We may bet in 5th spin, AFTER, 3s hit in 4th spin...that marthy1,2..bet

We may bet in 6th spin, when 3s hit in 5th spin.
that flatbet 1only

We CANNOT bet, when 3s hit in the 6th spin...
But, 3s hit in 6th spin, ALSO part of that 38/200rows STATISTIC...

THUS, losses is less than 38/200, because we cant bet when 2s hit in 5th spin, and 3s hit in the 6th spin.

and not all losses is 1,2,4...because we may lose 3step, 2step, only 1step, and no bet.

if we bet 3s WILL NOT crossover to 4s,in that small sample 1200spins, 200rows...

 that statiscally dangerous, because...

you lose absolutely...
158/200,

and win less than 38/200...

why lose 158/200, because, 4s,5s,6s hit after 3s had hit.

Why win less than 38/200,
because we cant bet at 2s at fifth spin

I am dumb in math.
Nevertheless,
if,
we bet Stars and pies,
as two game together in pinwheels,
then math wise, the best and worst shall like ...

bet 16numbers FLAT, when two different stars, and pies, hit in last two spins,  so the numbers to bet, as lapped=16 albeit zero.

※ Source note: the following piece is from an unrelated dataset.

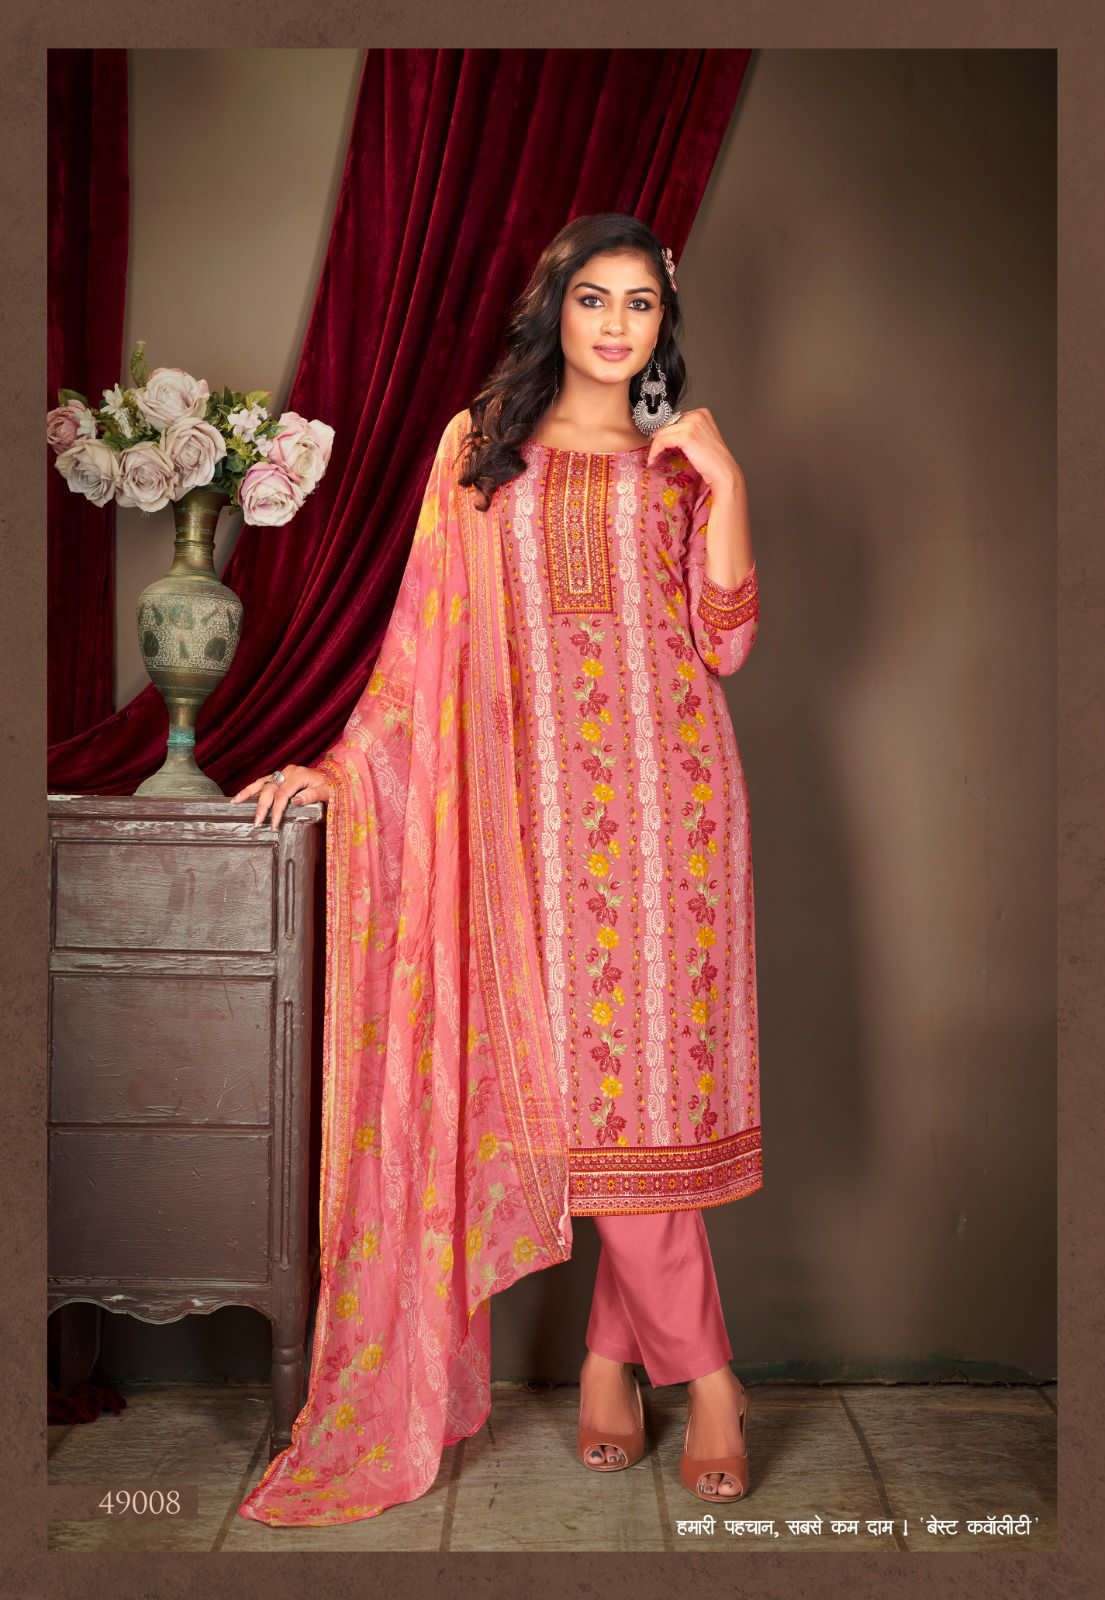 shiv gori silk mills panjabi kudi vol-49 49001-49012 series fancy salwar kameez wholesaler surat gujarat

The math 66 vs 33% for DD.
66/33 for stars
66/33 for pies.
lapped 16numbers bet.

THUS,
OVERSIMPLIFIED!

OVERSIMPLIFIED, mind you..

the best PROBABILITY expectation...in next 100rows QUALIFIED BET...=
BEST AND WORST(IMPOSSIBLE!)
100HIT=100x (+19)=
100Lose=100x(-16)=

2nd best...
as
NORMAL math expectation...
66HIT=+19
33LOSE=-16.

since we play TWO GAMES IN ONE, play the lapped 16number albeit green, can anyone do the best and worst math expectation?
Thanks in advance.

the bane is, both stars and pies, must hit at the same bet.
if one side hit, and other side lose, or both sides lose, then the losses=-16.

When both side hit,
=+19.
thus if both side indeed hit 66%,then, 66+66=132-100=32..
The
worst "only two side stars and pies win together"=32hit.